What if the FDA enforced a rule where only one company can have an active trial? Then the first to file shifts to the FDA and the bearer has a monopoly for a few years, including the lead time before another company can complete a subsequent trial.


I'm perfectly happy with chopping down the patent law mess one large portion at a time if need be.

Trying to do it all at once is almost guaranteed to fail. In the present political environment it's usually better to start by taking legs out from the under the table one at a time.

The obvious solution is to exclude pharma from the patent legislation wars for now. Once a big portion of the economy is unhindered from patent trolls, then pharma can be re-examined.

If all that happened is that we free the radical majority of the economy from patent trolls, but were still left with pharma patents, then so be it, it'd still be a drastic improvement from where we're standing.

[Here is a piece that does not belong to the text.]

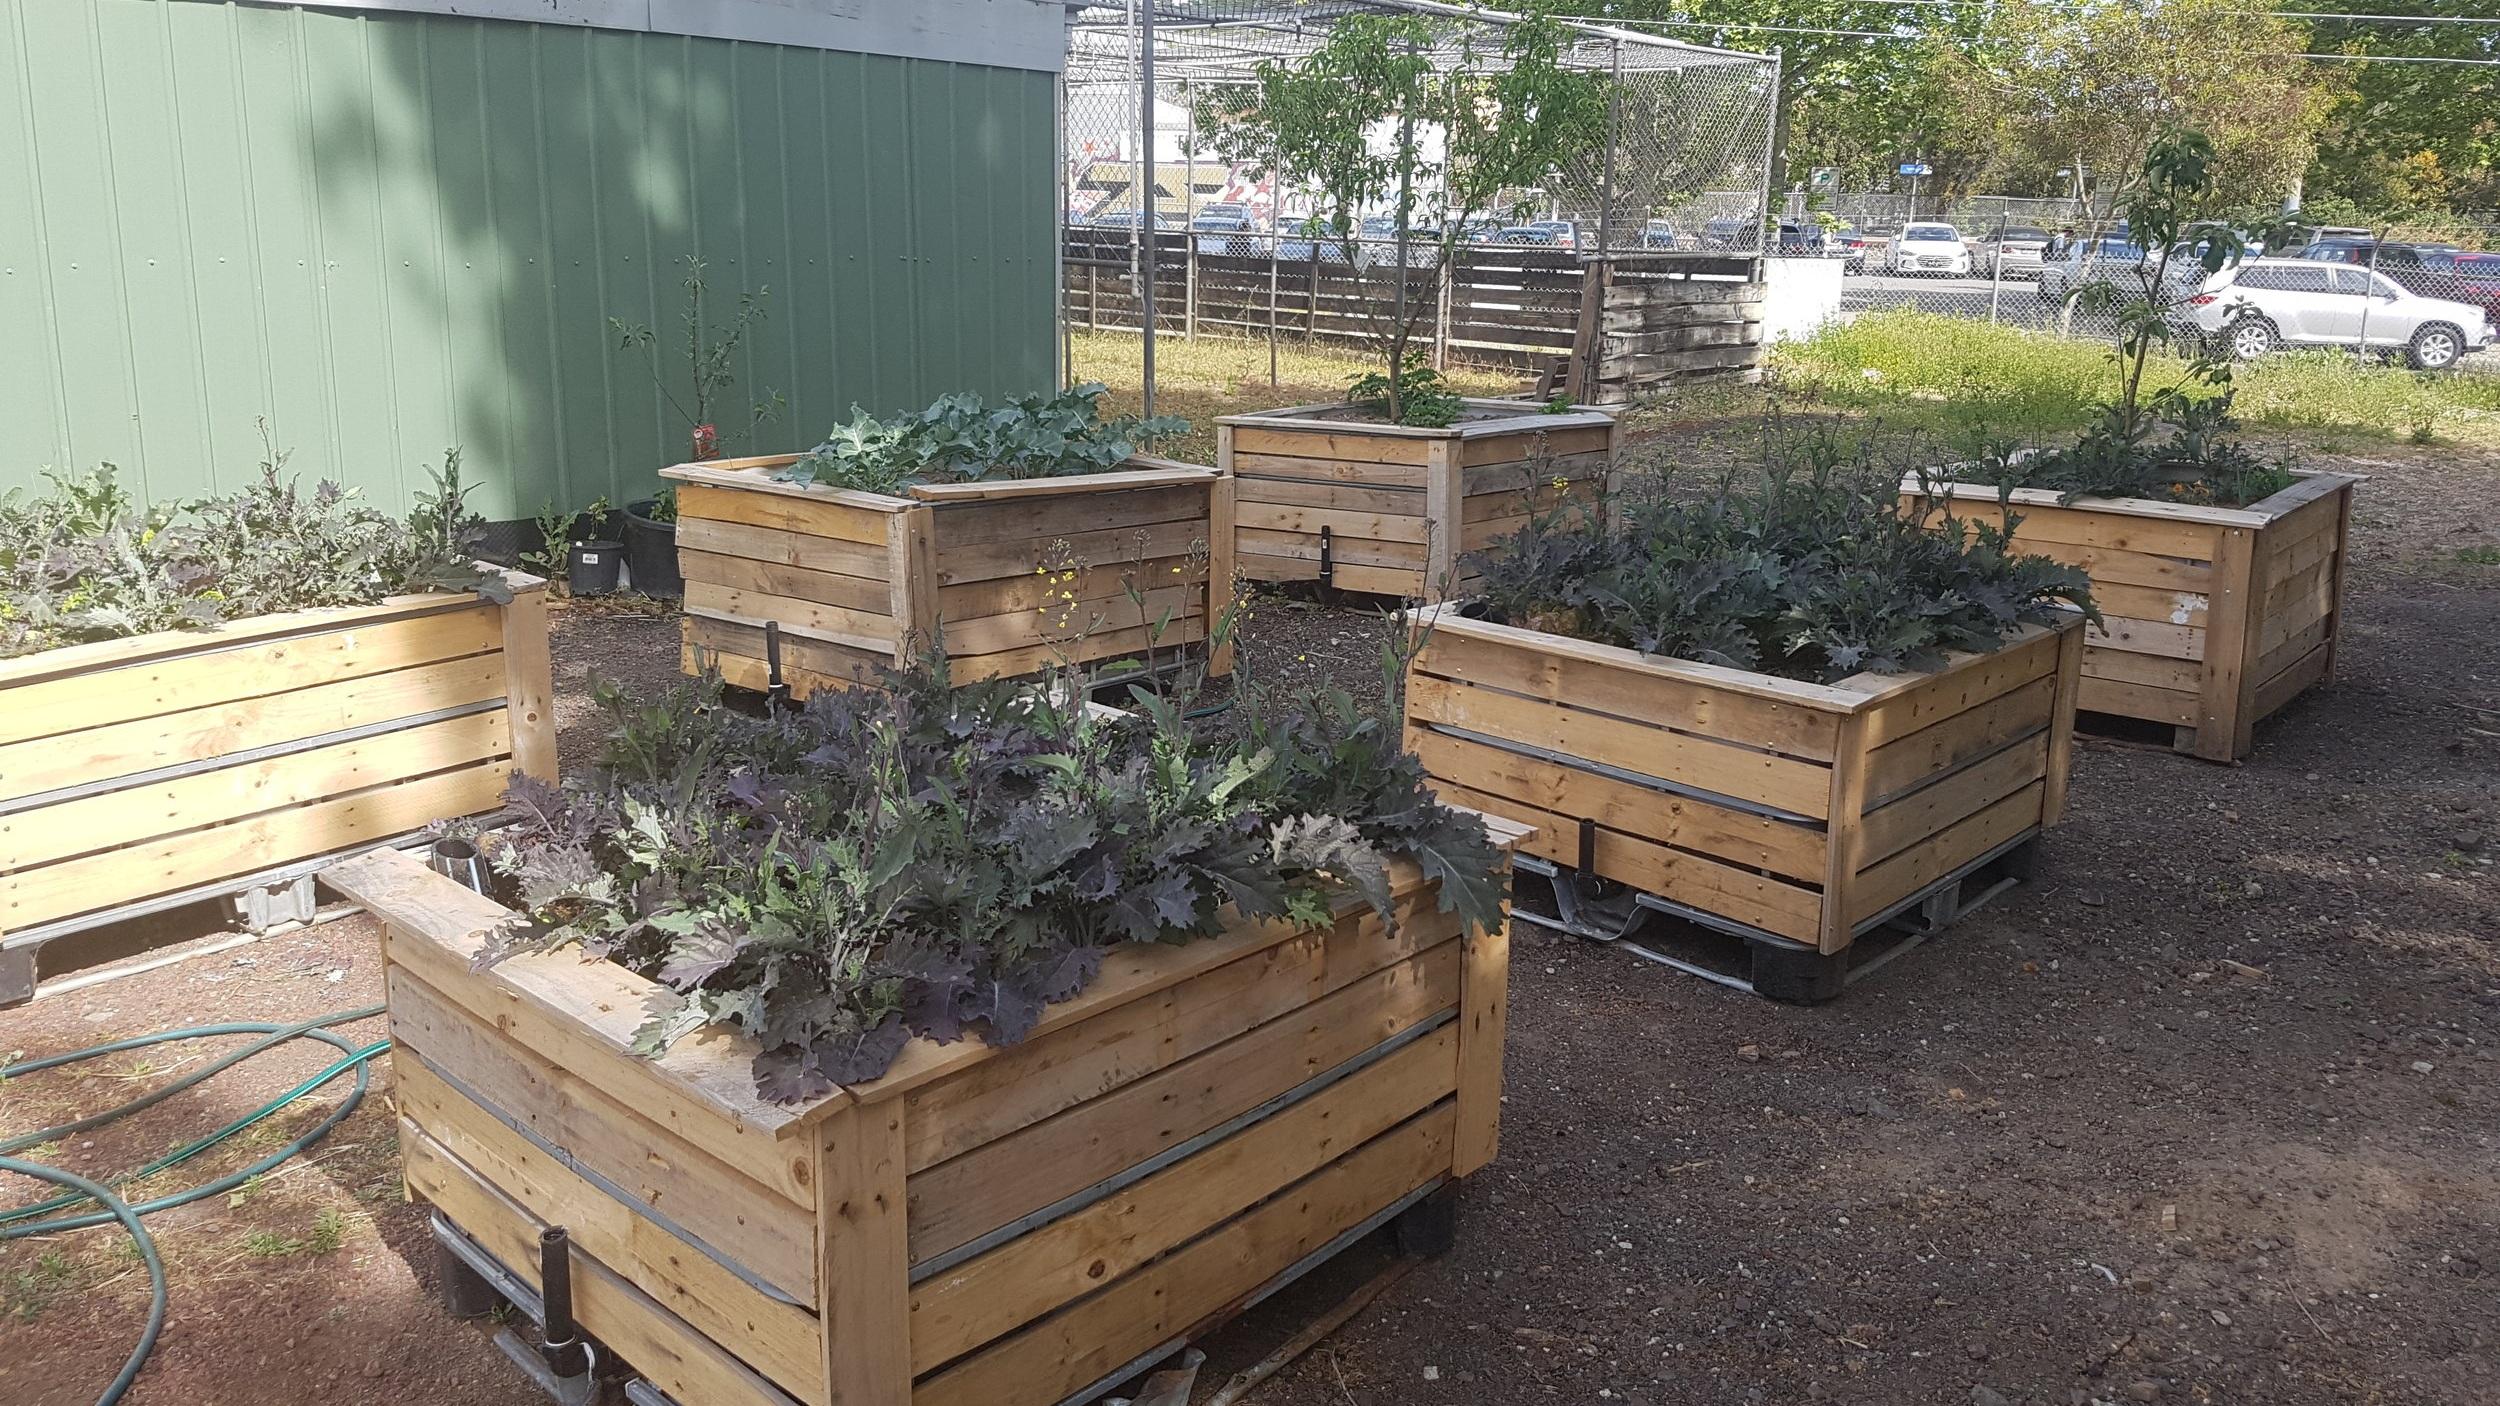 Food+Hub+image+of+veggie+gardens.jpg

A pragmatic approach would be to simply leave pharma alone, at least initially, as they actually need strong incentive for R&D.


Or to socialize drug discovery using a competitive scheme akin to the XPrize with the reward being a free ticket through clinical trials and safety development (among other things).


It's not just patent trolls (shell firms with no products of their own) that are the plague on this world. There are also the extortionists (IBM, I'm looking at you), and the litigants (Apple - threatening to kill VP8 by using MPEG-LA)!